** Opening PROVIDED MATERIAL block **

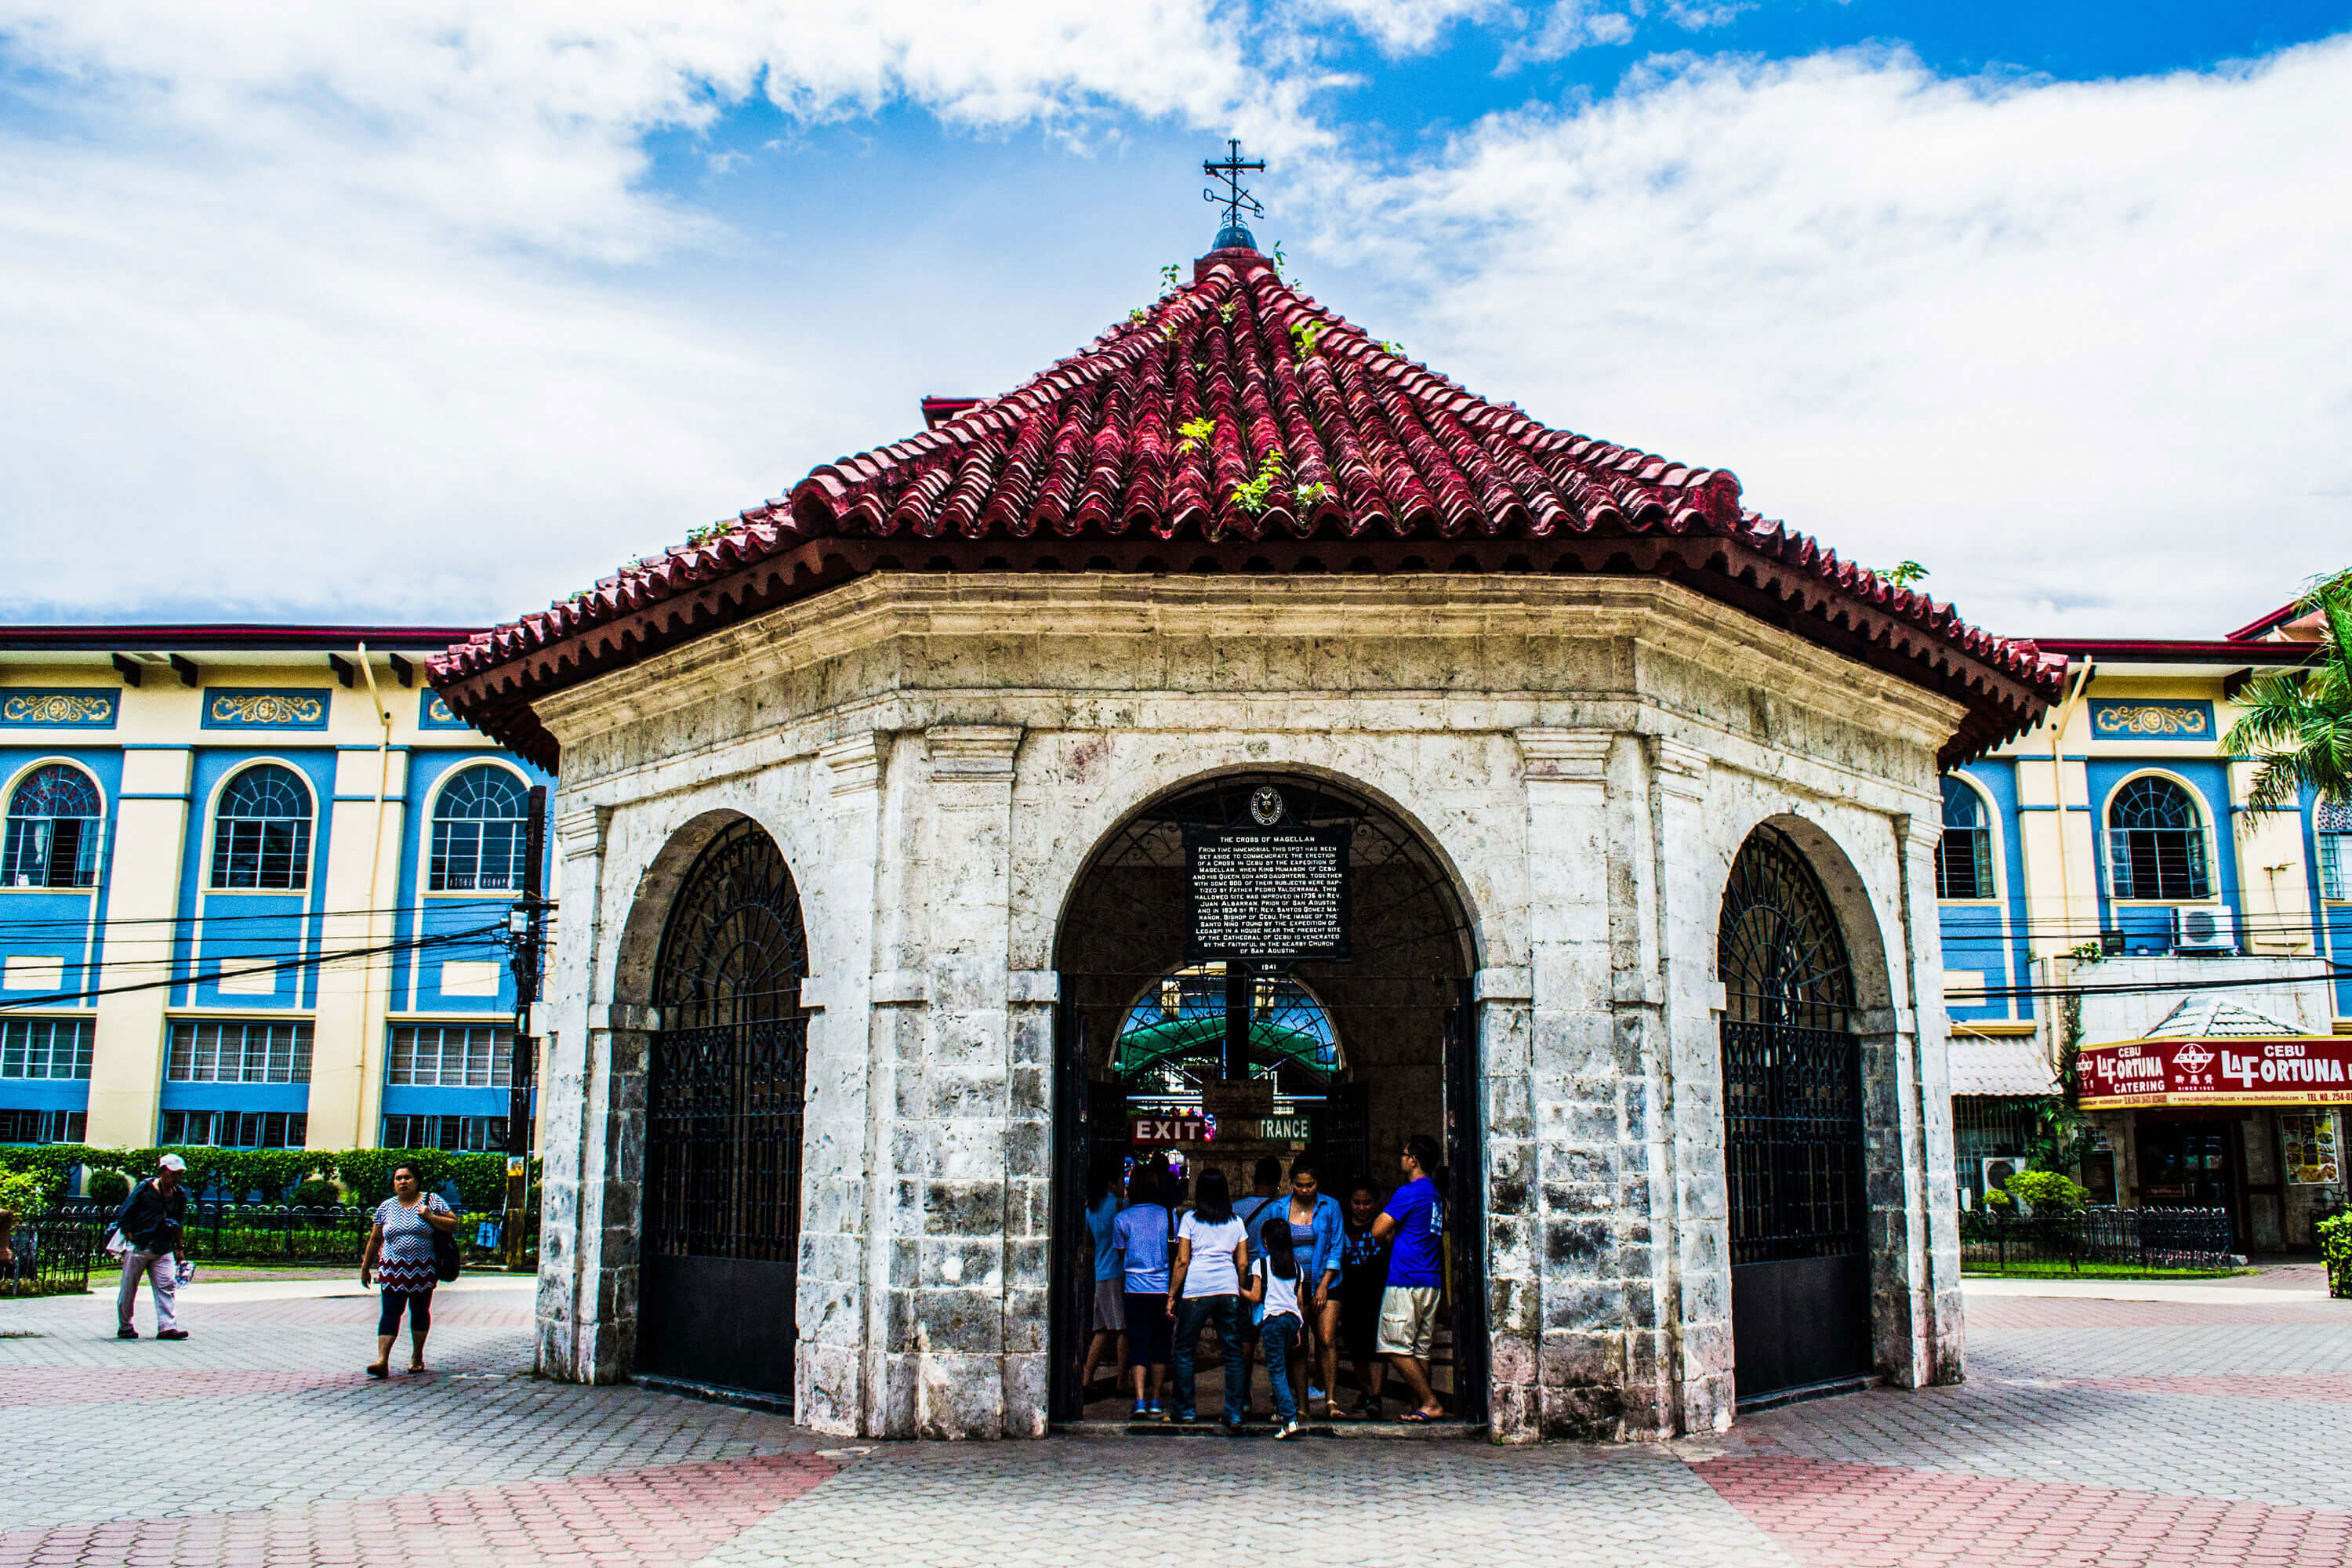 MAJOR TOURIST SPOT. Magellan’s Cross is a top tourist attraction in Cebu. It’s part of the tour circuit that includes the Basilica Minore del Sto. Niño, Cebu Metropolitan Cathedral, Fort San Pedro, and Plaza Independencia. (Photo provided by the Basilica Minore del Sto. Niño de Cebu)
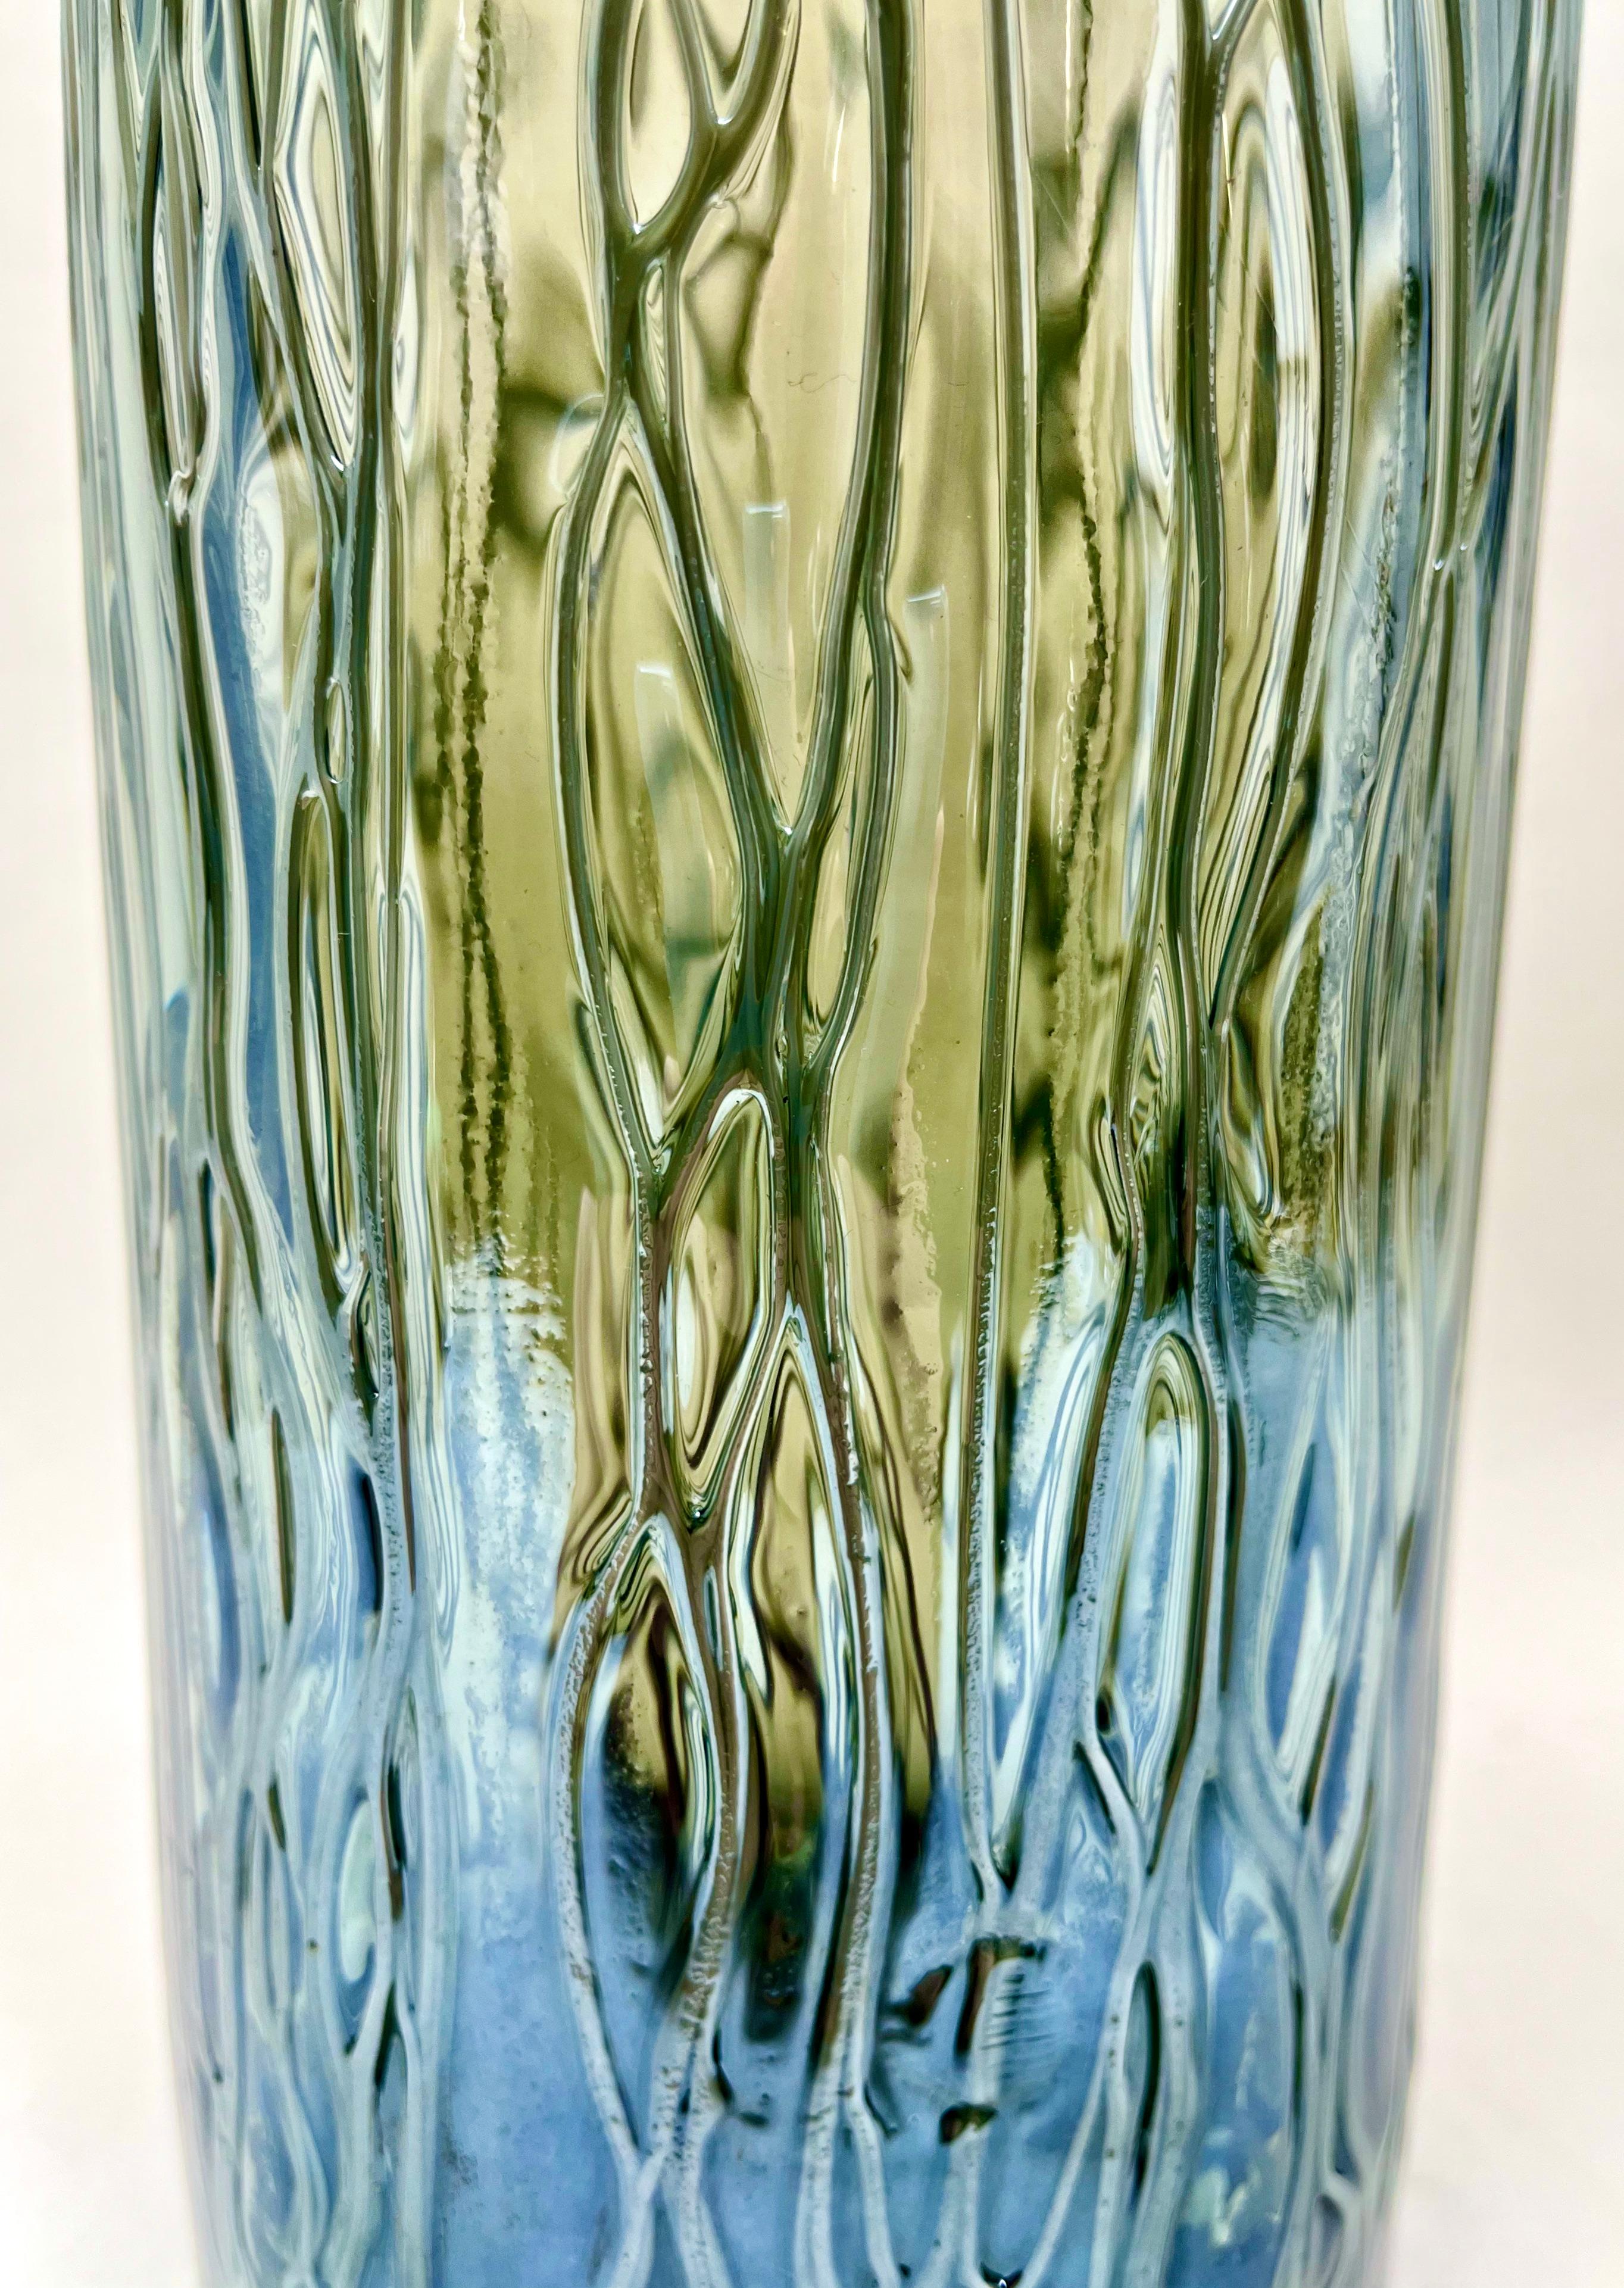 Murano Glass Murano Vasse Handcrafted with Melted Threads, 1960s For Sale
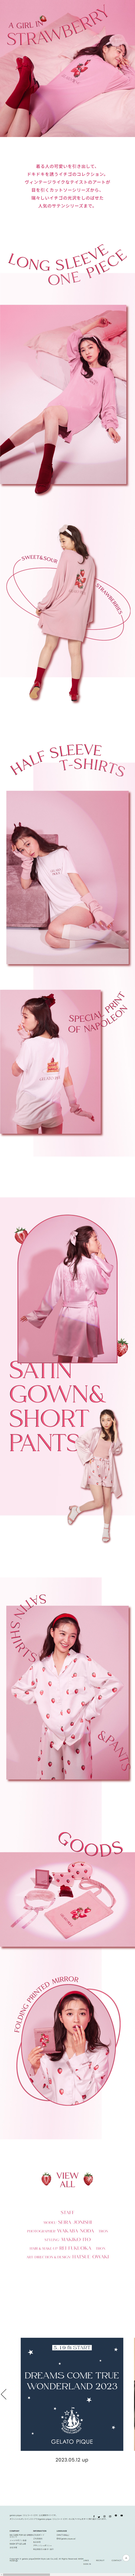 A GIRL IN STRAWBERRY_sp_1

** Closing PROVIDED MATERIAL block **

TO DO :: Without the images, print all of the lines above exactly.

SOLUTION FOR THIS EXERCISE ::
 MAJOR TOURIST SPOT. Magellan’s Cross is a top tourist attraction in Cebu. It’s part of the tour circuit that includes the Basilica Minore del Sto. Niño, Cebu Metropolitan Cathedral, Fort San Pedro, and Plaza Independencia. (Photo provided by the Basilica Minore del Sto. Niño de Cebu)
 Murano Glass Murano Vasse Handcrafted with Melted Threads, 1960s For Sale
 A GIRL IN STRAWBERRY_sp_1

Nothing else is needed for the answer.